Nothing breaks on my Intel Core i5-12600K that does not support avx512_bf16.
BFloat16 is for arithmetic operations converted to Float32 and then the result is truncated back down to BFloat16 (but I'm not sure when/how BFloat16 arithmetic is used if natively available).
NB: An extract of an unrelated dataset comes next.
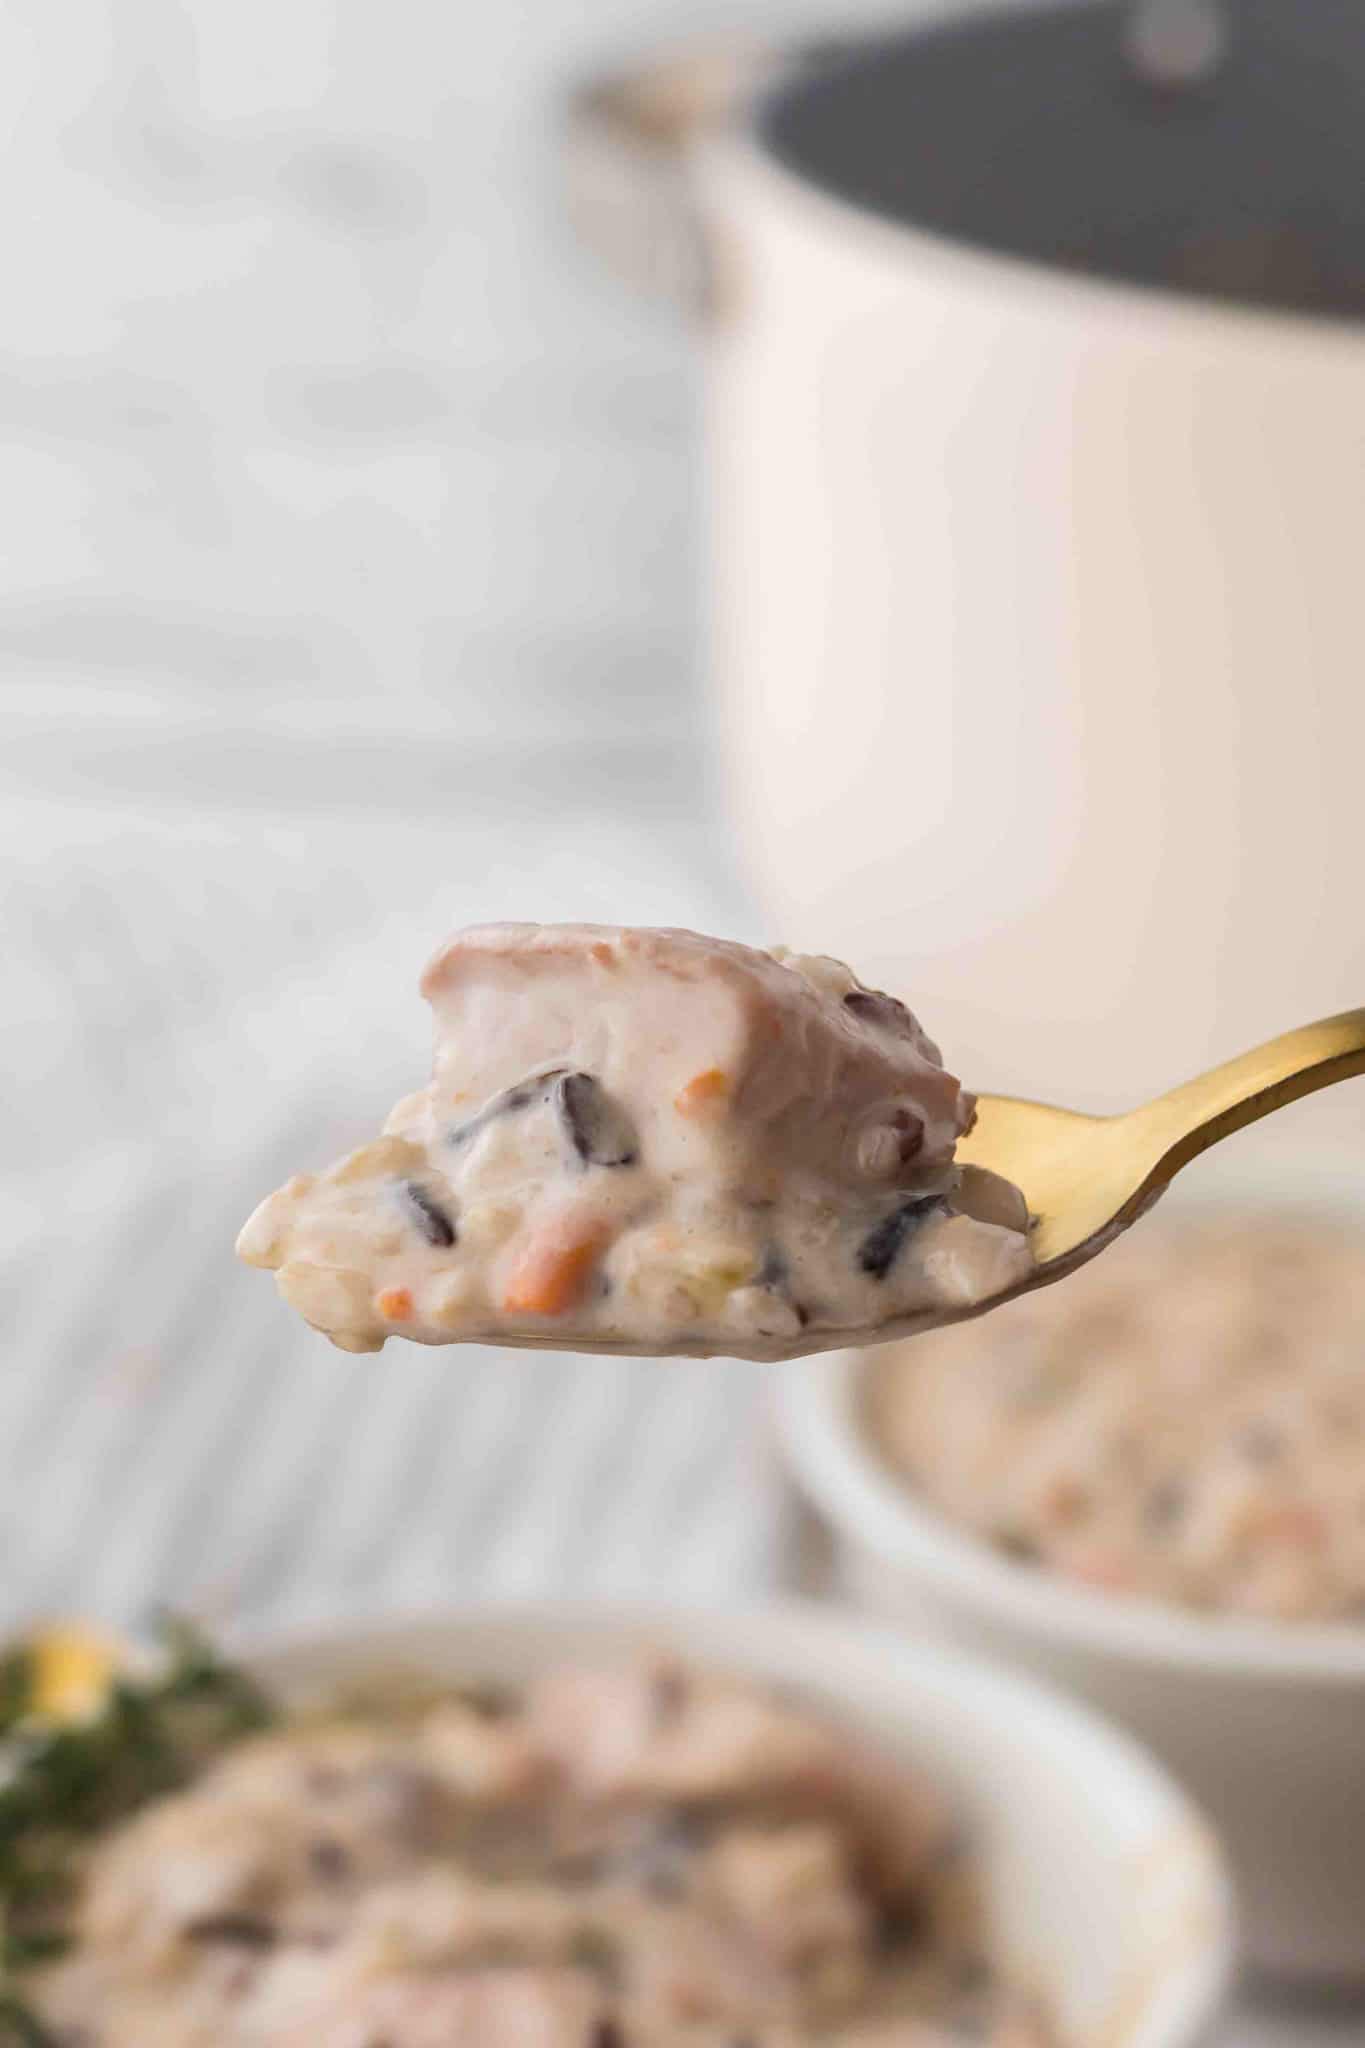 Chicken and Wild Rice Soup is a hearty and creamy soup recipe loaded with chunks of chicken, wild rice, carrots, celery, onions and fresh thyme.

You can check this with
julia> a = one(BFloat16)
BFloat16(1.0)
julia> @code_lowered a+a
CodeInfo(
1 ─ %1 = BFloat16s.Float32(x)
│ %2 = BFloat16s.Float32(y)
│ %3 = %1 + %2
│ %4 = BFloat16s.BFloat16(%3)
└── return %4
)
I also have an Intel i5 on my macbook and with Julia 1.10.2 I cannot reproduce your error, even if I execute this a million times
julia> using BFloat16s
julia> A = ones(BFloat16,10)
julia> for _ in 1:1000000
A + A
end
julia>
Are you sure that .../mwe.jl really only contains these lines of code that you copied in?
Are you sure that
.../mwe.jlreally only contains these lines of code that you copied in?
Yes, I am. I was also testing v0.4.2, hence the v0.5.0/ to separate the environments and the ../ to the common mwe.jl.
BFloat16is for arithmetic operations converted to Float32 [...]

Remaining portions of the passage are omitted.